Master Class with Chris Hughes, Phillips Academy ’02 on Hannah Arendt’s “Responsibility and Judgment”

We have the great privilege today of Chris Hughes‘ visit to Andover.  Chris graduated from Phillips Academy in 2002.  He returns today to teach a master-class with me, to give the All School Meeting address, and to meet with various groups on campus.  The master class takes as its starting point a text: Hannah Arendt’s lecture entitled “Personal Responsibility Under Dictatorship,” published in the book “Responsibility and Judgment.”  In this lecture, delivered in 1964, Arendt responded to criticism of things she previously wrote about the trial of the Nazi leader Eichmann.  The students in the room today come from two classes, one in our Religion and Philosophy department (taught by Tom Hodgson) and one on bioethics (team-taught by Vincent Avery and Christine Marshall-Walker).

Chris starts the class by asking a student to read aloud a section from near the end of Arendt’s lecture: “The total moral collapse of respectable society during the Hitler regime may teach us that under such circumstances those who cherish values and hold fast to moral norms and standards are not reliable: we now know that moral norms and standards can be changed overnight, and that all that then will be left is the mere habit of holding fast to something.”  Chris asks the group if norms can be changed as quickly as table manners.
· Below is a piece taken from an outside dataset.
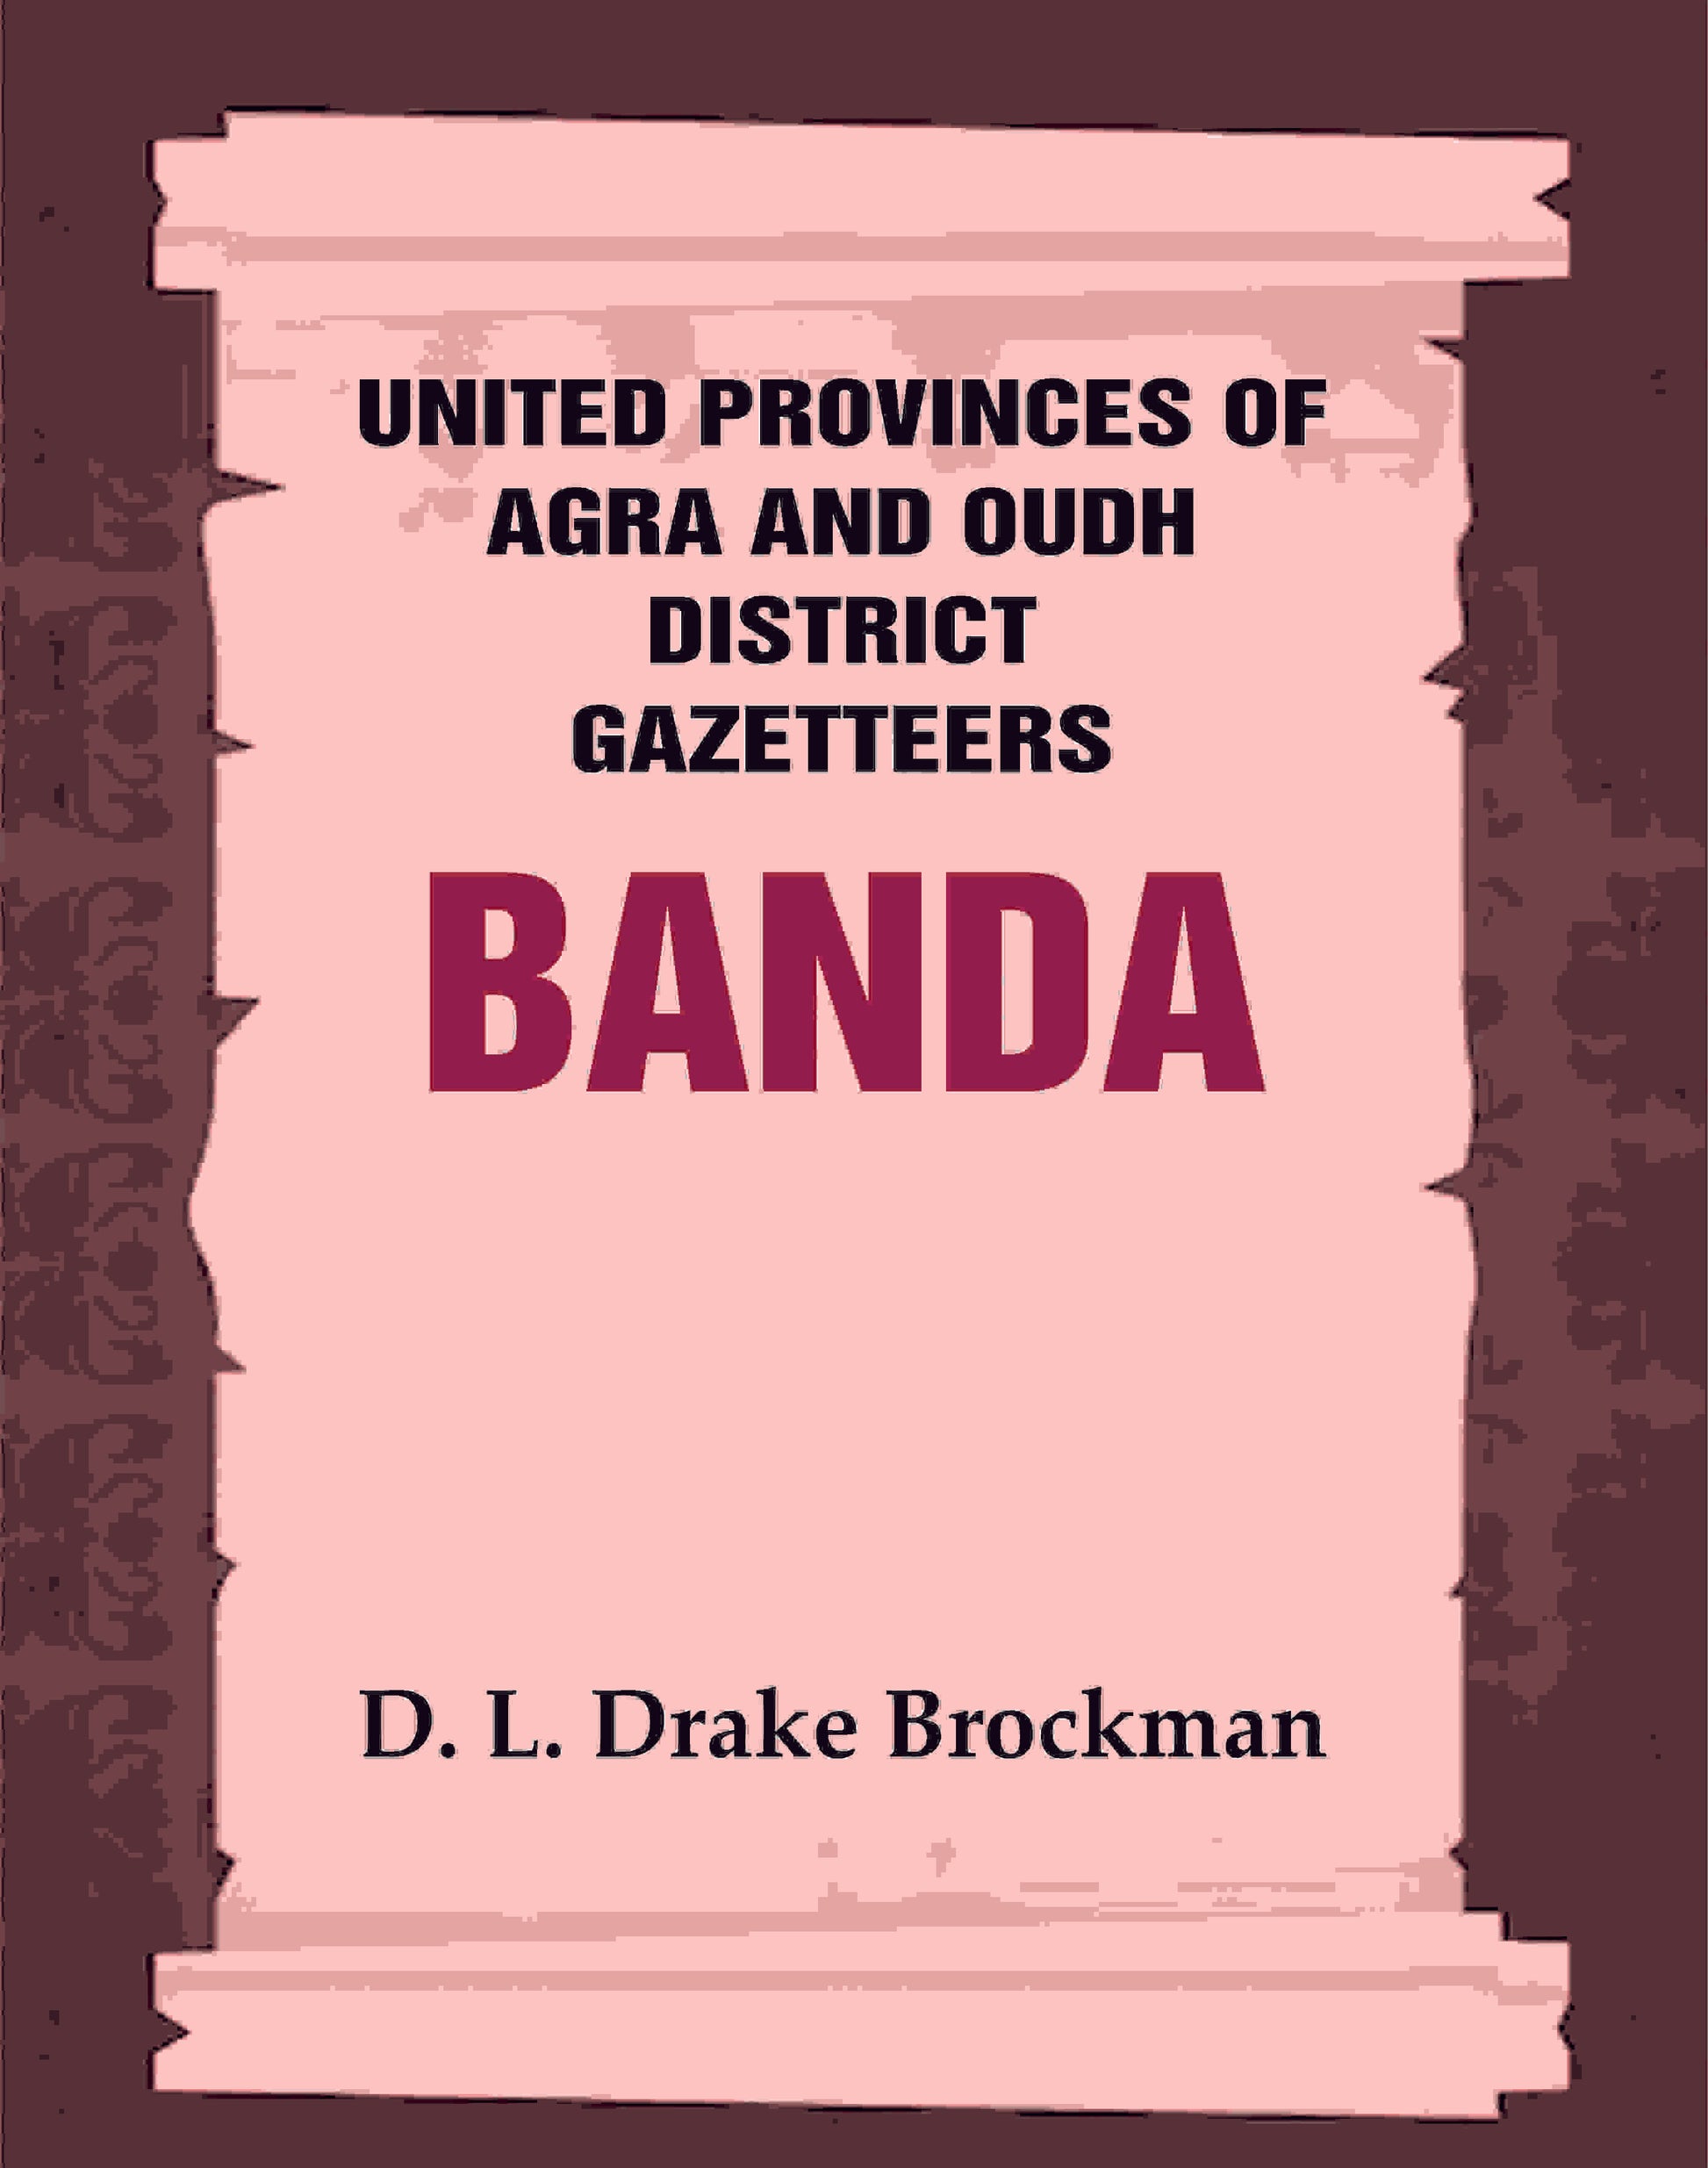 United Provinces of Agra and Oudh District Gazetteers: Banda

The class also focuses for most of the discussion on the role of non-participants in societies.  Arendt says that “the nonparticipants; called irresponsible by the majority, were the only ones who dared judge by themselves.”  Does opting-out of a society enable you to preserve your values?  What does it mean, in fact, to “opt out” of a society?  The class debates whether it is different to opt out of Nazi Germany; America during the McCarthy era; Apartheid South Africa (was Albie Sachs right that only a few hundred whites took any personal risk in resisting the Apartheid regime?); and today, in the “consumerist” society prevalent in most countries in Western Europe and North America, for instance.

Chris stresses the difficulty of total opting out: it is almost impossible not to be ensconced in a body politic.  It is extremely hard not to pay some taxes to support a system; to be, at a minimum, a bystander to important events in the lives of others; to have a voice in the society, whether in public or in private.

We explored the distinction between non-participation and non-obedience.  The students are not sold on the extent to which Arendt praises the non-participants, seeing non-obedience — more actively opposing a system — as essential to positive change.  The text splices the difference between “supporting” a regime and “obeying” it.  The exposure of this tension, which comes in at the end of the essay, may be the most important point.

One of our core jobs as teachers at Phillips Academy, as stated in our school’s constitution from 1778, is to help develop not just the minds but also the morals of the students in our care.  Conversations, such as the one led by Chris today and others led by our faculty on every day on campus, are essential aspects of this kind of an education.